Can I join ? I liked .hack//GU


----------



## Desolater66 (Jun 28, 2008)

Can I join? It was a really great video game series and it would be cool talking about it to other members of this club.


----------



## Kabigon (Jun 29, 2008)

Can I join.  I've only read the .hack//Legend of the Twilight series and saw only a fraction of the anime but I will start with the others when I get more money.


----------



## Leviathan (Jun 29, 2008)

Hay thar, fan peoples!

Now adding a list of member stuff.


----------



## Storm Earth and Fire (Jun 29, 2008)

I would like to join. I've only seen all of the animes and read .hack//Legend of the Twilight manga, though.

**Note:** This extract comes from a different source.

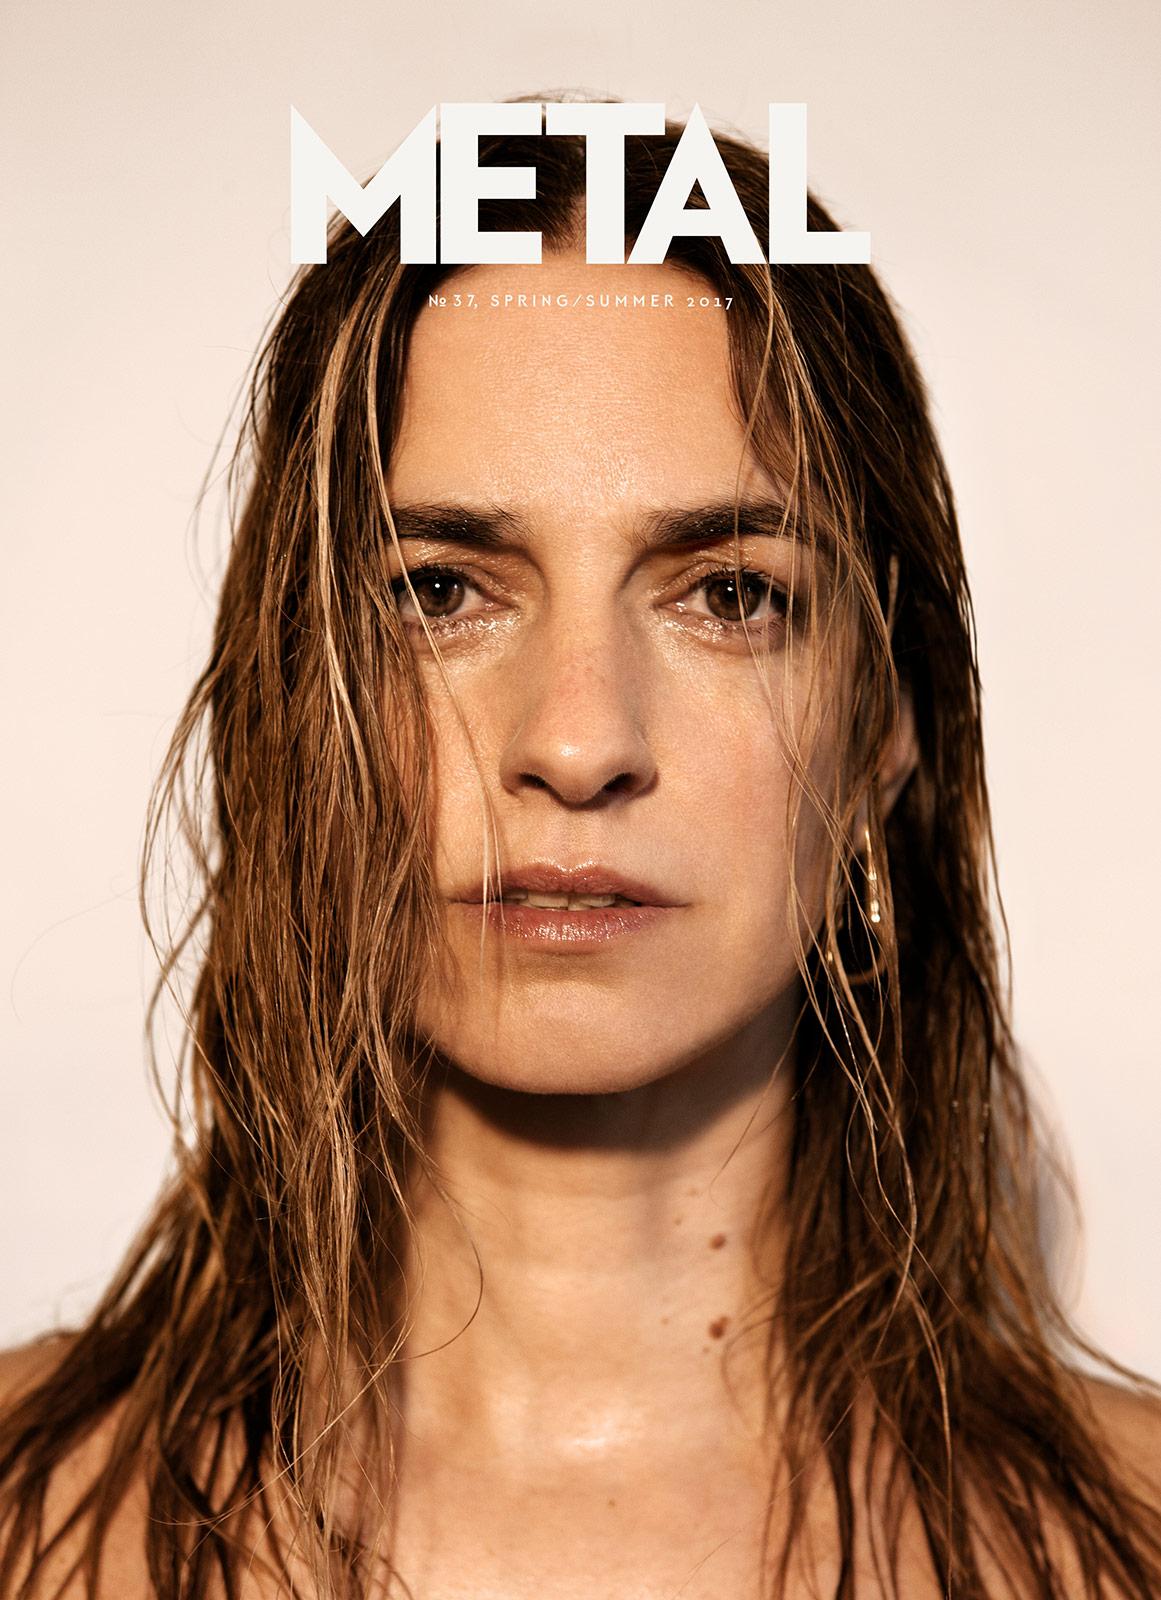 COVER 4 - Joana Preiss photographed by Noel Quintela wearing earring Louis Vuitton.

I've also seen .hack//Gift.


----------



## Desolater66 (Jun 29, 2008)

Has any of you seen the Terminal disk videos I can post a link from youtube so you guys can check it our or something.

The terminal disk was a disk that only came with the first released game of Hack infestation for the ps2.

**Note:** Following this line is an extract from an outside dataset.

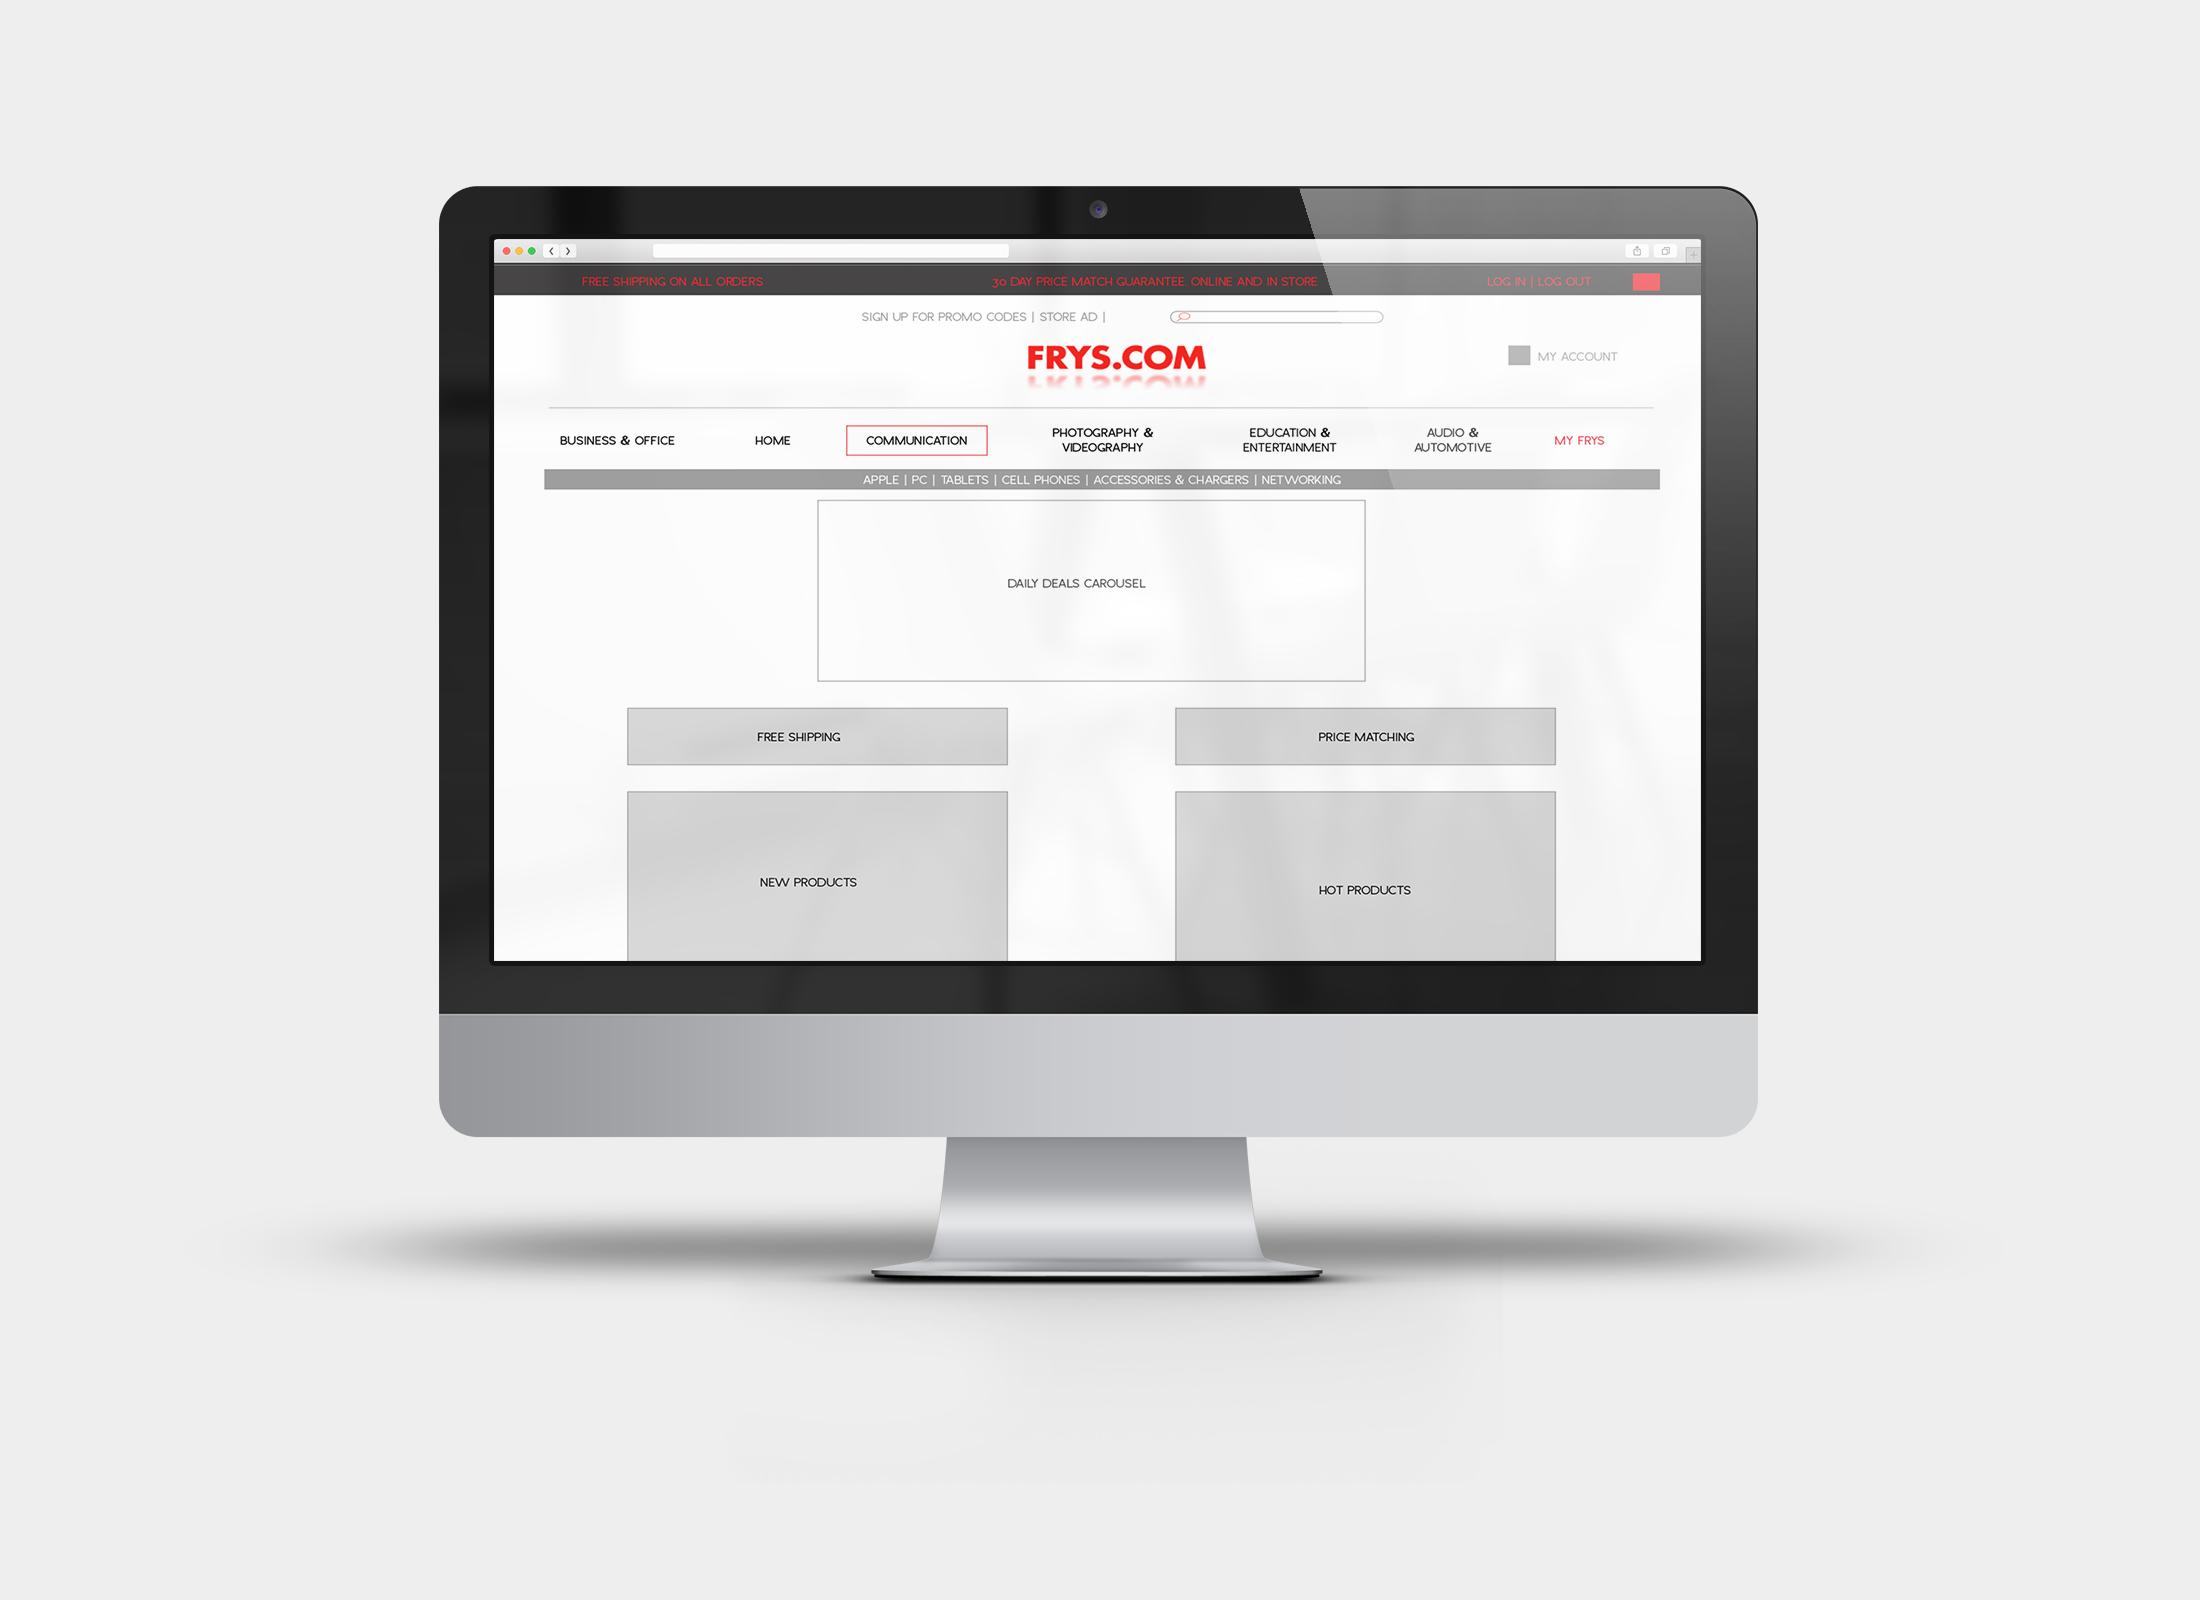 Frys.com - Speculative e-commerce checkout redesign

I recomend you play the first 4 games in the series before watching this unless you dont mind spoilers and its just not about spoilers in this cd.


----------



## Black Poison (Jul 1, 2008)

I would like to join,
I seen all of the shows, i think but i never played the games.
I also made a .hack rpg on the forums before we moved to this new one. 
And i was just about to make a .hack club again but i saw yours so im in. ^_^


----------



## Sansha (Jul 2, 2008)

I've been a huge fan of .hack for awhile now, so I'd love to join.

I've played all of the games, won the first series and am on the last game of GU.

And I watched as much as I could of  .hack//sign back when it was on Adult Swim.


----------